The first two examples are legally binding. The Cabinet Office guidance however is not.

The aim of the Cabinet Office guidance is: to ensure cash flow, ensure contractual and economic activity is preserved, where possible ensure continued contractual performance and where not possible to avoid destructive disputes and insolvencies.

Understanding exactly what is meant by “acting reasonably and fairly” against the background of a contract where the parties have already agreed risk allocation between themselves is difficult enough. It seems to inject a duty of altruism that is alien to the English law of contract; parties exercise their contractual rights for their own commercial reasons, not to “support the response to Covid-19 and protect jobs and the economy”. If this is construed as an attempt to re-write contracts, then this is worrying. However, the guidance does say that it is not intended to override specific contracts whose primary purpose is to make express and clear provision for and allocate risks in respect of the effects of pandemic. It is said to be non-statutory guidance but the Government strongly encourages parties to contracts to follow the guidance. 

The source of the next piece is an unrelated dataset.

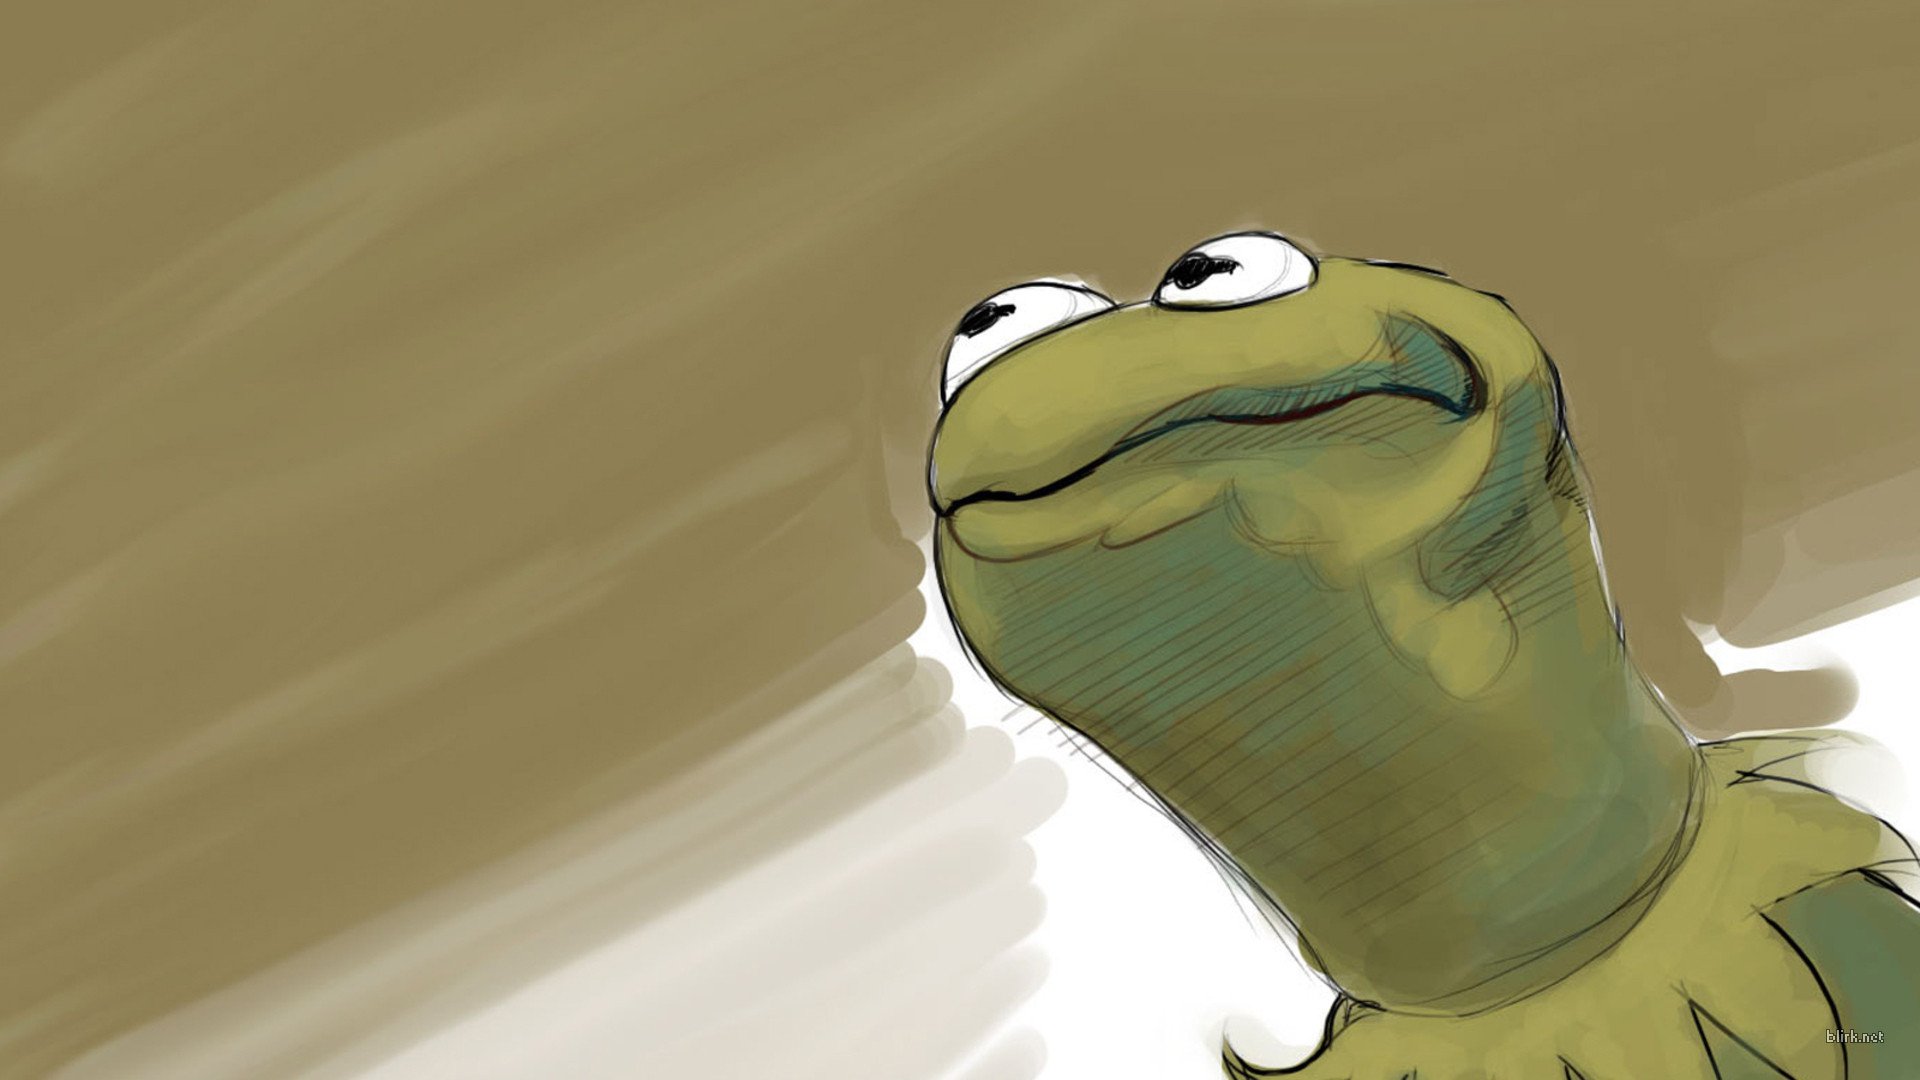 Meme Sesame Street Kermit The Frog Wallpaper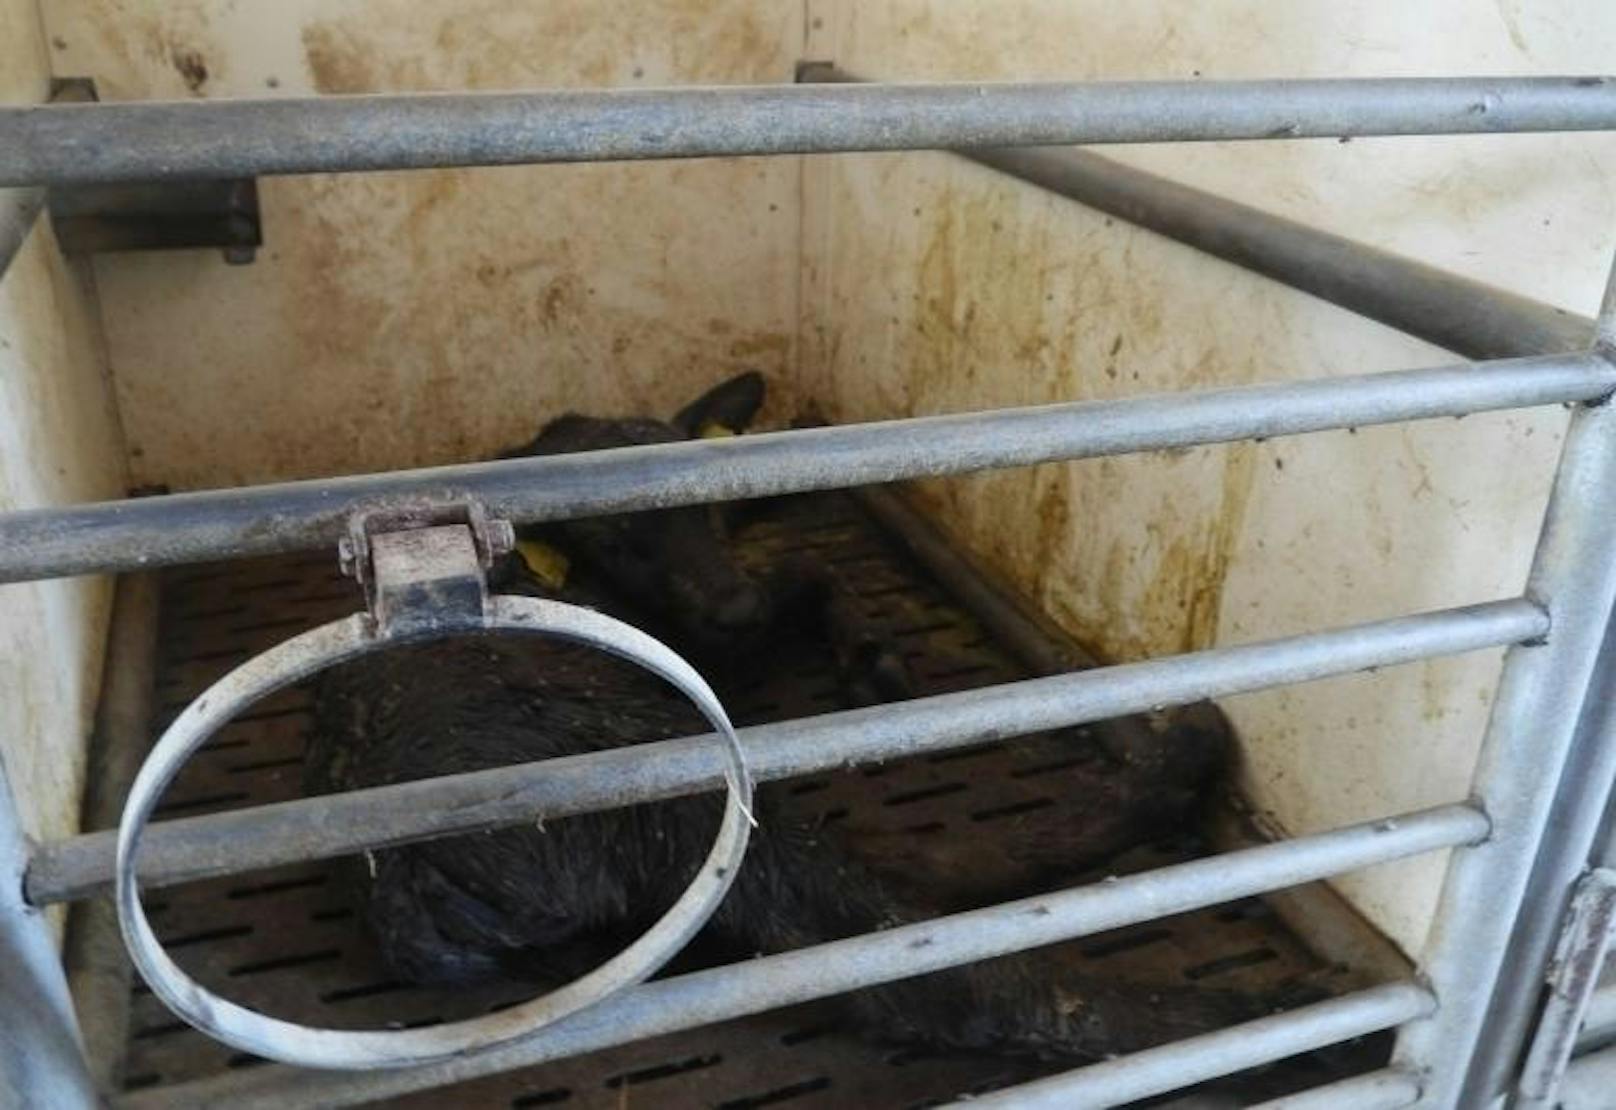 Die Tierschutzorganisation "Vier Pfoten" macht abermals auf die verheerenden Tierschutzmängel auf vielen Büffelfarmen in Italien aufmerksam

The question arises then as to whether Cabinet Office guidance has any relevance. It is perhaps worth bearing in mind the following possibilities:

  • This guidance might be raised against a party exercising contractual rights in some way, even recognising that it is guidance only
  • It may inform the way in which dispute resolvers (for example judges and arbitrators) exercise discretion (raising the risk of unpredictable outcomes); and
  • It could point to legislation or further action by the Government if the aims of the guidance do not have the desired effect. Could that mean for example the possibility of compulsory mediation as a pre-cursor to legal proceedings?

So in exercising your rights and coming up with a strategy, parties need to be alive to these points.

Setting commercial objectives

Be realistic in the outcome you wish to achieve. A perfect legal case is not much good if your opponent cannot pay. Where there is an ongoing commercial relationship in prospect, with a key supplier or customer, a deal will often be the best solution. You should take care to reserve your rights and take all necessary steps under the contract to preserve your position (in case a deal cannot be done) and engage with your counterparty on a without prejudice basis to try and reach a solution. Where necessary, formal dispute resolution procedures can be invoked to help achieve your commercial objective.

Reverting to the final example in the original question – it specifically refers to overdue rent and what can be done. Forfeiture is off the table for now as I have explained, but you can get a judgment. Enforcement might be tricky. You cannot issue a statutory demand and then present a winding up petition currently either. However, a landlord can enforce guarantees and go against rent deposits.